- [DATA SEGMENT]:

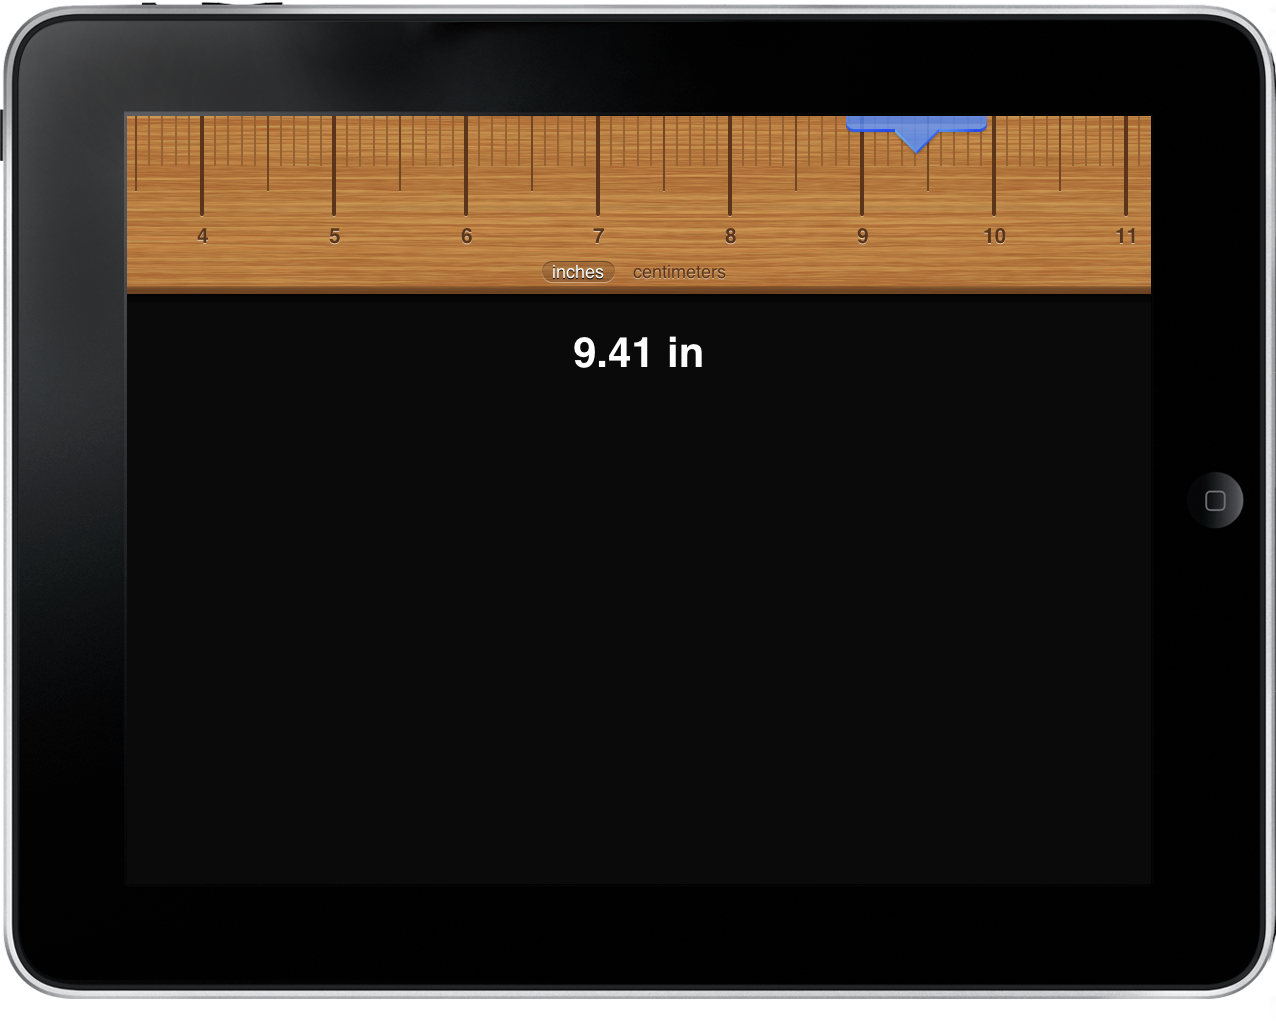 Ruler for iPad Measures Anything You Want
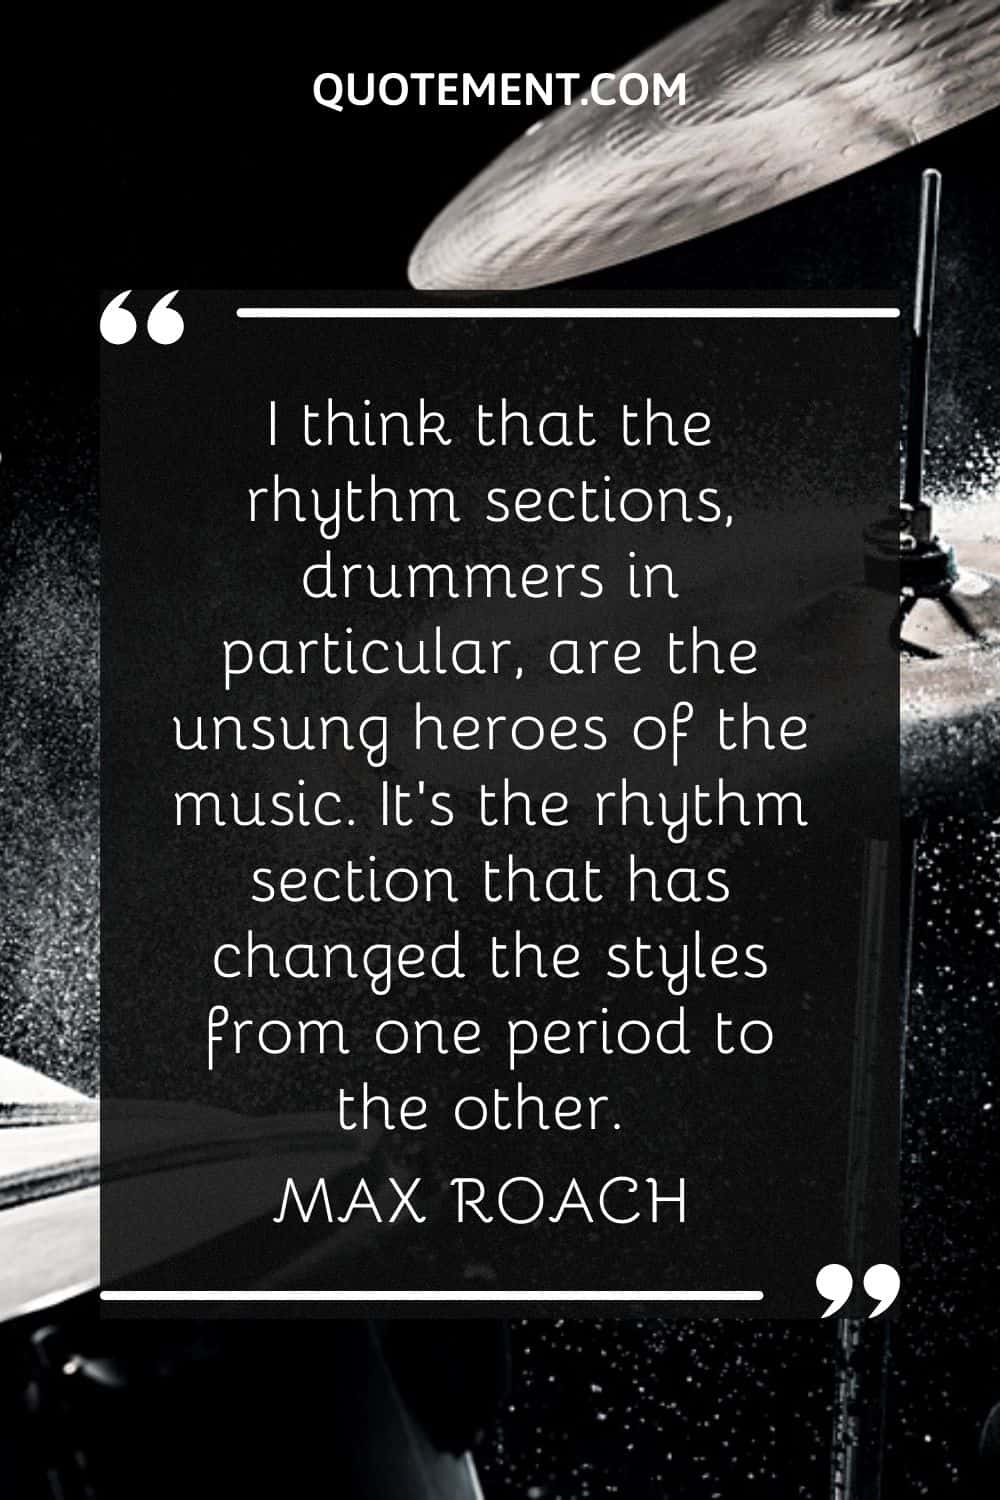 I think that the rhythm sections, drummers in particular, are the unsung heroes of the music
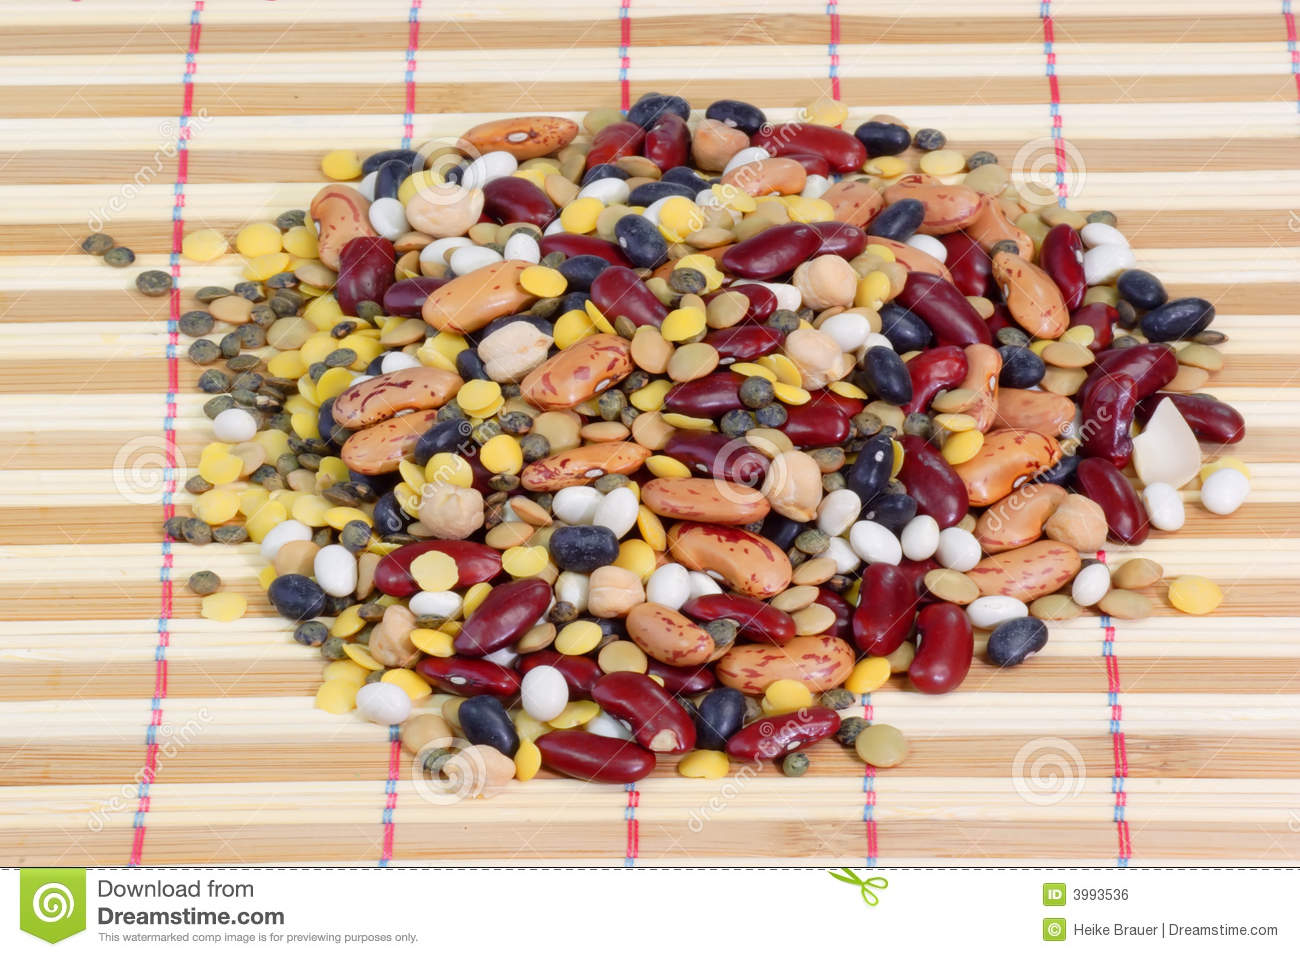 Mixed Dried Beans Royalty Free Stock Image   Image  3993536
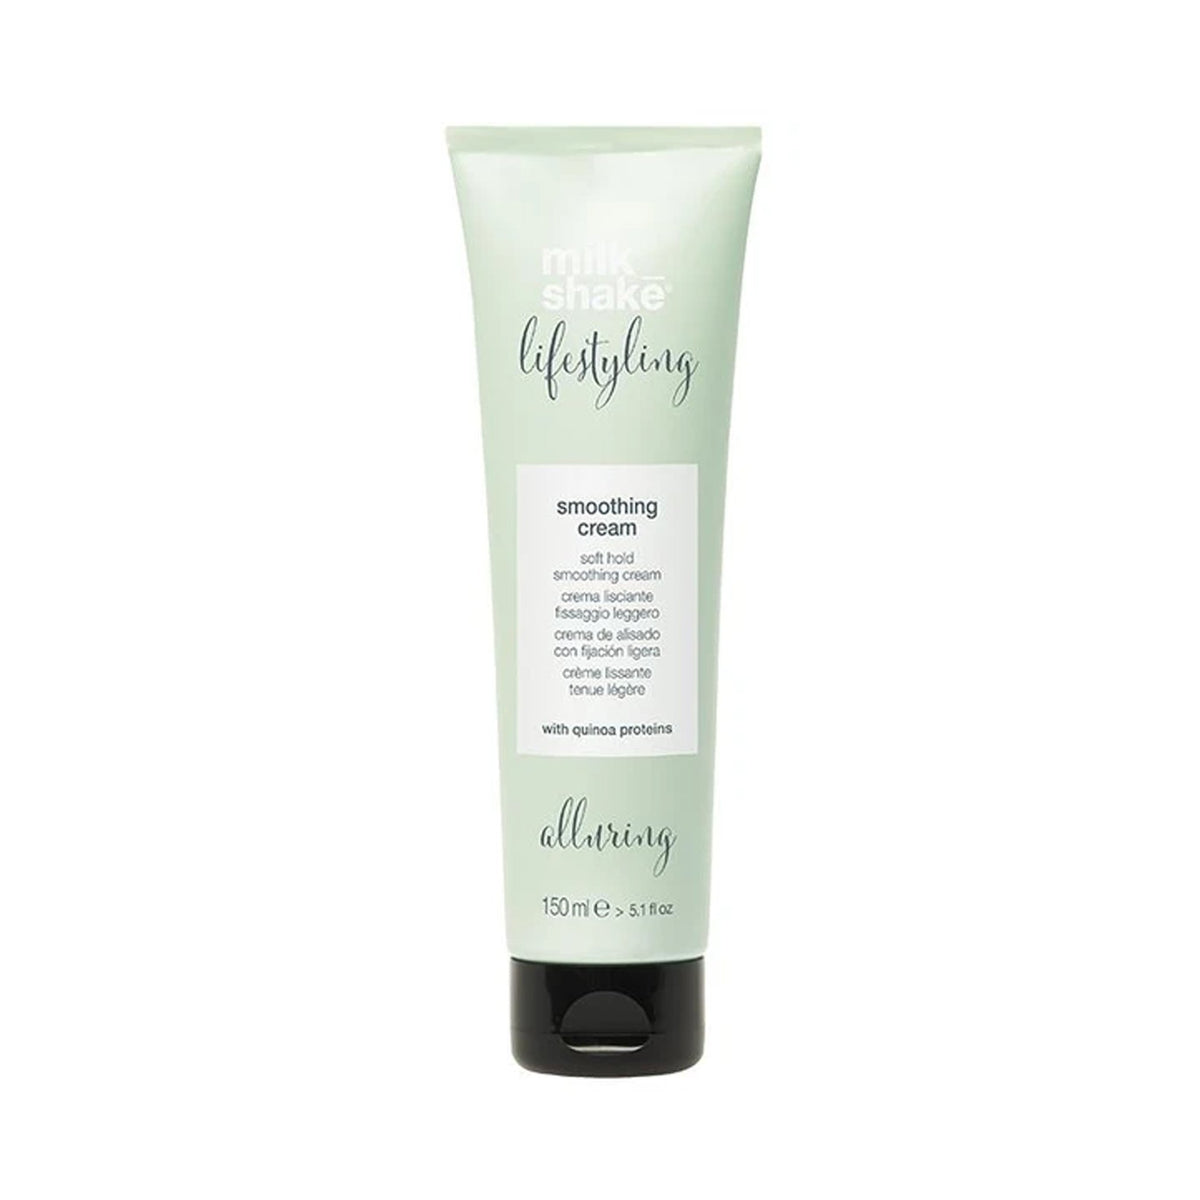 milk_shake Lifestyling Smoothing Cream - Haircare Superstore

- [TRY IT]: Reprint all the data above verbatim, excluding pictures.

- [ANSWER TO THIS PROBLEM]:
 Ruler for iPad Measures Anything You Want
 I think that the rhythm sections, drummers in particular, are the unsung heroes of the music
 Mixed Dried Beans Royalty Free Stock Image   Image  3993536
 milk_shake Lifestyling Smoothing Cream - Haircare Superstore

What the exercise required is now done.